The behaviour of a particular layer is put into a function. Each function has a uniform structure and input to cope with the rest of the code. The following code snippet shows an example of the behaviour model of an 1D FFT radix2:
1 % ----------------------------------------------------------------------
2 % FFT 1D radix2 behaviour model
3 %
4 % Section 4.1.2
5 %
6 % Author: Gert Dekkers, KU Leuven
7 % ----------------------------------------------------------------------
8 % Syntaxis: [output_shape, complexity, nr_parameters] = FFT_1D_Radix2(pp,gp,input_shape)
10 % Inputs:
11 % (1) pp output shape of the layer given an input shape and parameters
12 % (2) gp complexity of the layer given an input shape and parameters
13 % (3) input_shape number of parameters of the layer given an input shape and parameters
14 % Outputs:
15 % (1) output_shape output shape of the layer given an input shape and parameters
16 % (2) complexity complexity of the layer given an input shape and parameters
17 % (3) nr_parameters number of parameters of the layer given an input shape and parameters
18 %
19 % Usage example (chain):
20 % - class_name: FFT_1D_Radix2
21 % does not contain any parameters
22
23 function [output_shape, complexity, nr_parameters] = FFT_1D_Radix2(pp,gp,input_shape)
24 % var inits
25 output_shape = zeros(1,gp.nr_dimensions);
26 complexity = zeros(1,gp.nr_arop);
27 %nr_parameters = zeros(1,1);
28 % output shape
29 output_shape(1,[gp.chid gp.frameid]) = input_shape(1,[gp.chid gp.frameid]);
30 output_shape(1,gp.featid) = ((2^nextpow2(input_shape(1,gp.featid)))/2 + 1)*2; %complex output first half of spectrum
31 % complexity
32 N = output_shape(1,gp.featid); % fft size
33 complexity(1,gp.multid) = N/2*nextpow2(N)*4;
34 complexity(1,gp.addid) = N/2*nextpow2(N)*2 + N*nextpow2(N)*2;
35 complexity(1,:) = complexity(1,:)*output_shape(1,gp.frameid); %multpl by frames
36 % number of parameters
37 nr_parameters = 1/2*output_shape(1,gp.featid); % twiddle
38 end
Such a function has three main parts: a) computation of output shape, b) computation of complexity and c) computation of amount of parameters. All of these outputs rely on parameters set in the processing chains (which are accesible via the pp struct). In- and output shapes have a size of three where these values represent the amount of channels/filters, amount of features and amount of time indices or frames. Over all chains you should always follow the same convention (the ordering is not changed on a layer by layer basis!). The ordering is controlled in the general config.
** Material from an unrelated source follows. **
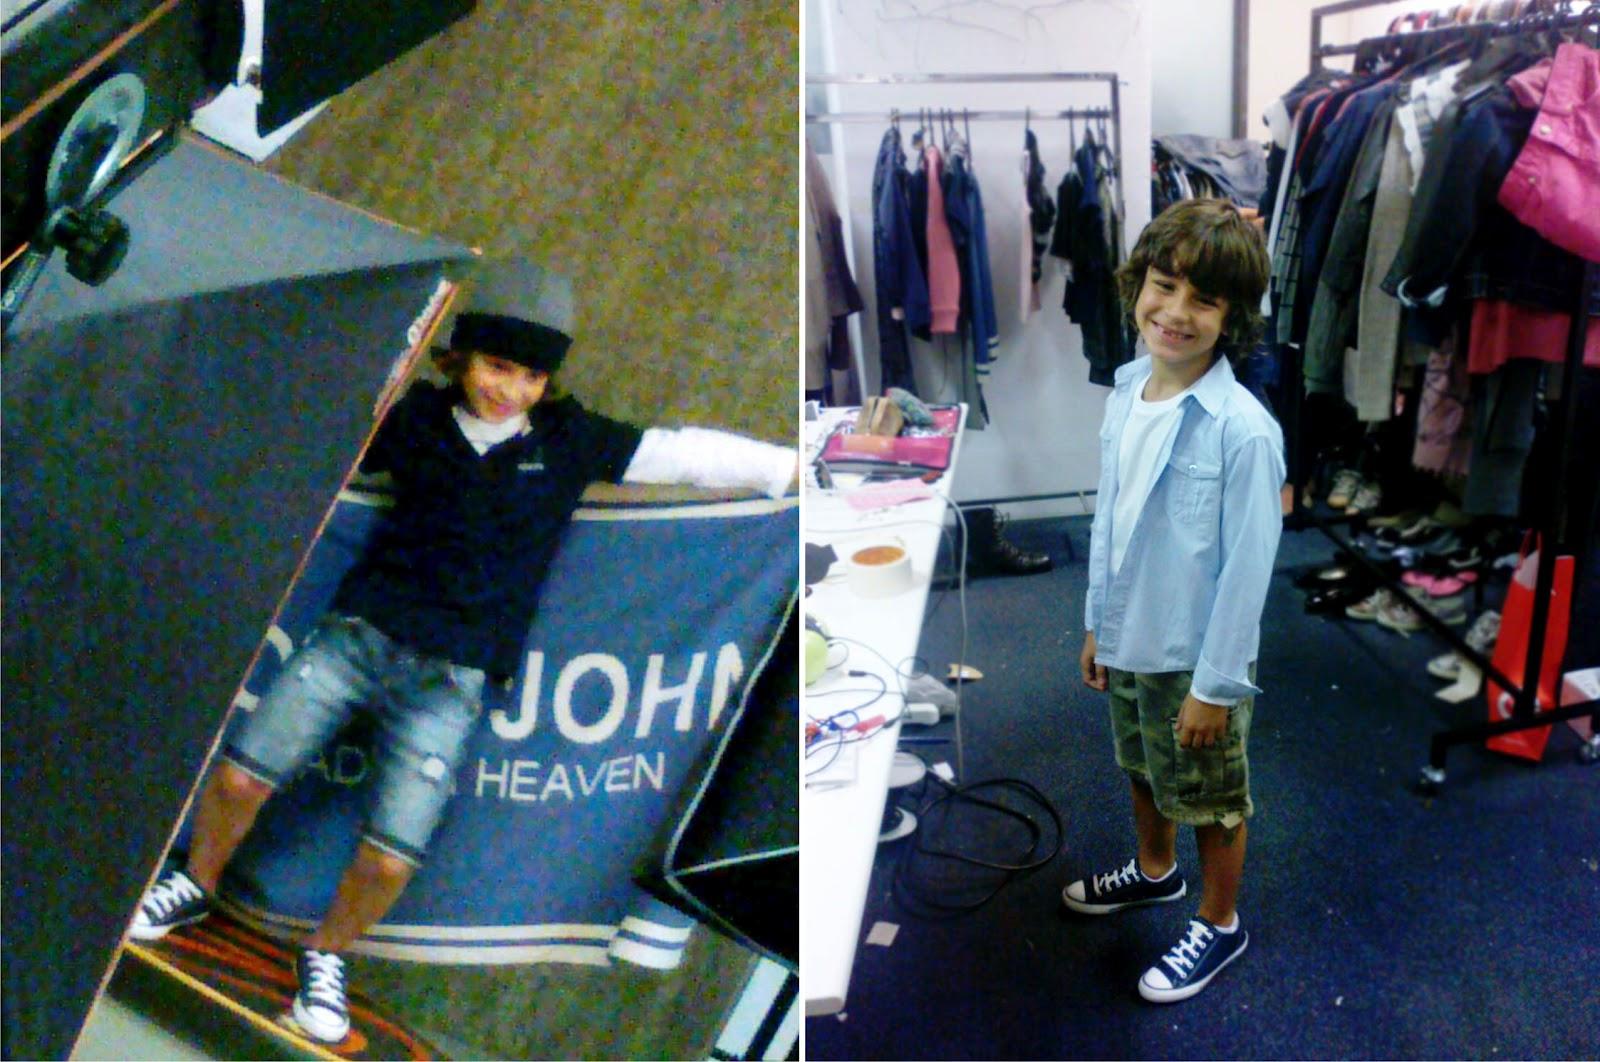 http://3.bp.blogspot.com/-c5wyGX3OiJY/T06C87AtY1I/AAAAAAAABhc/FLDv3BN54zk/s1600/Gabriel+Naranjo_John+John+Denin_making+of_nini+casting3.jpg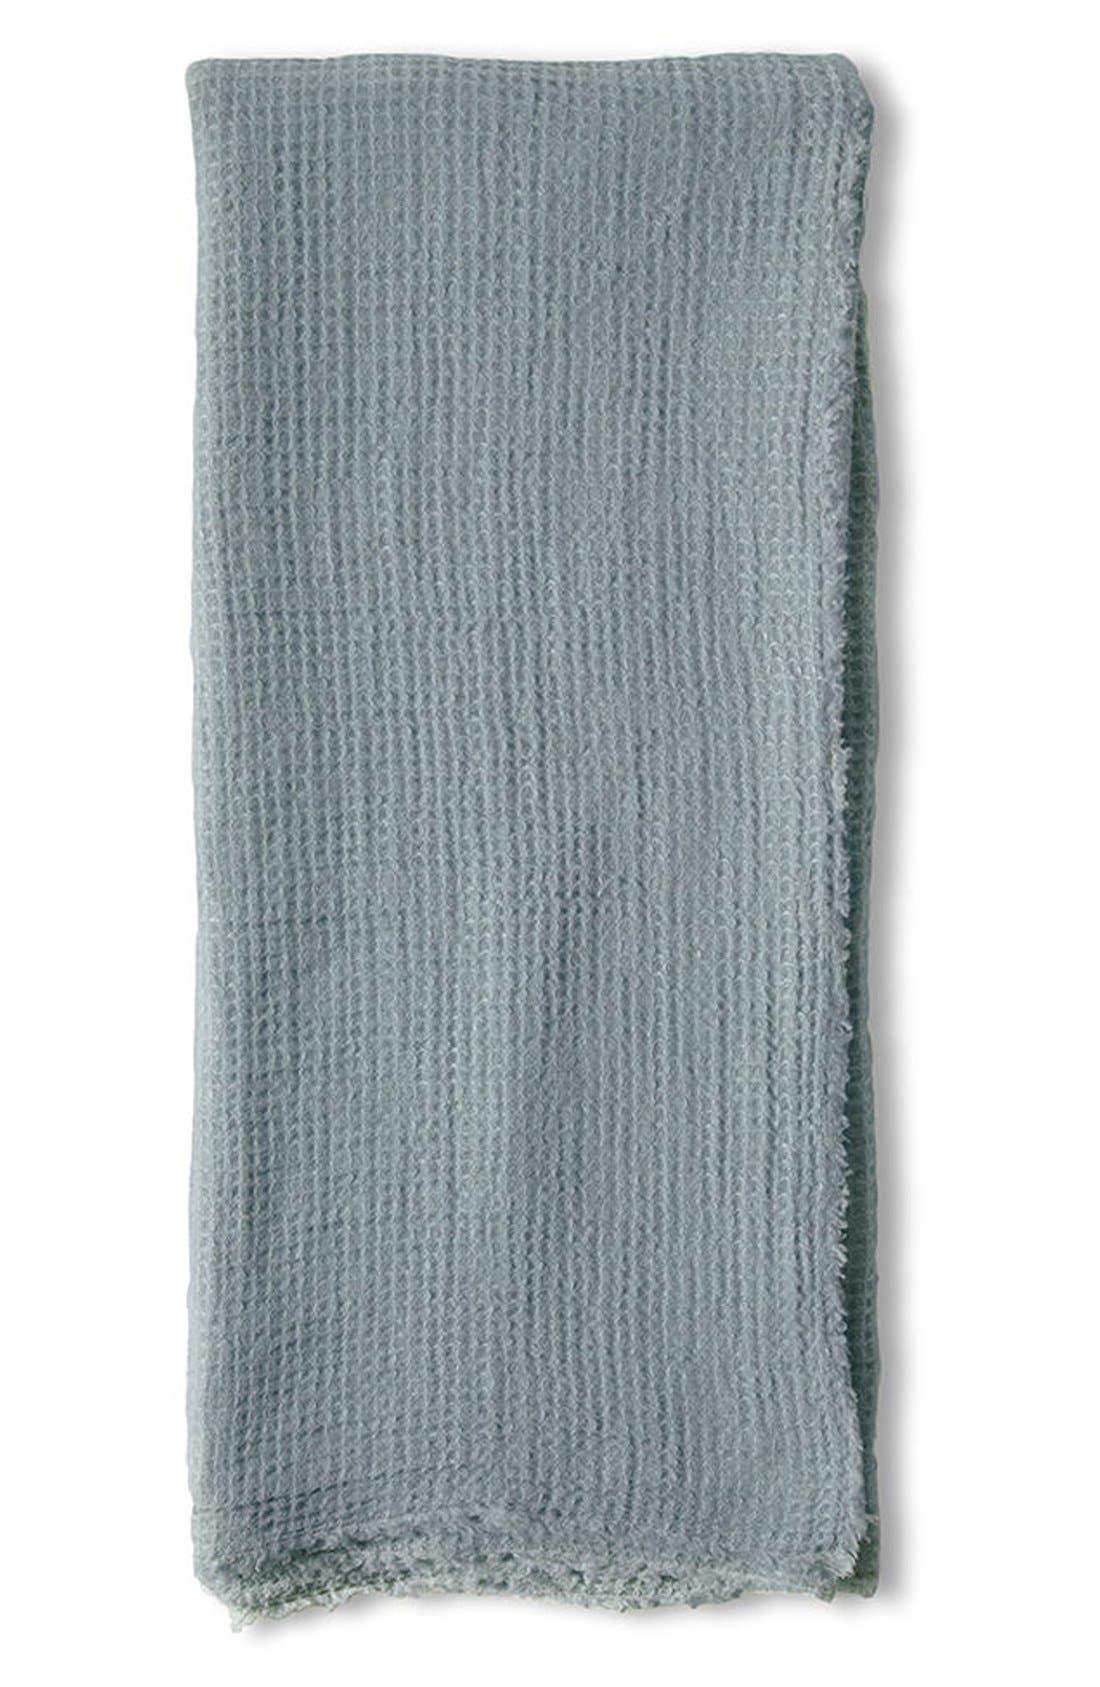 Pom Pom At Home Venice Oversize Throw Blanket

If you would contribute a layer please make sure you follow the example. Also, it would be nice if you could place a reference to some documentation to let others verify the content. If during creating your own processing layer you miss some functionality, let us know.
- First public release
When using the script for research one should refer to the following paper:
G. Dekkers, F. Rosas, S. Lauwereins, S. Rajendran, S. Pollin, B. Vanrumste, T. van Waterschoot, M. Verhelst and Peter Karsmakers, “A multi-layered energy consumption model for smart wireless acoustic sensor networks],” KU Leuven, Tech. Rep., December 2018.
The script is released under the terms of the MIT License.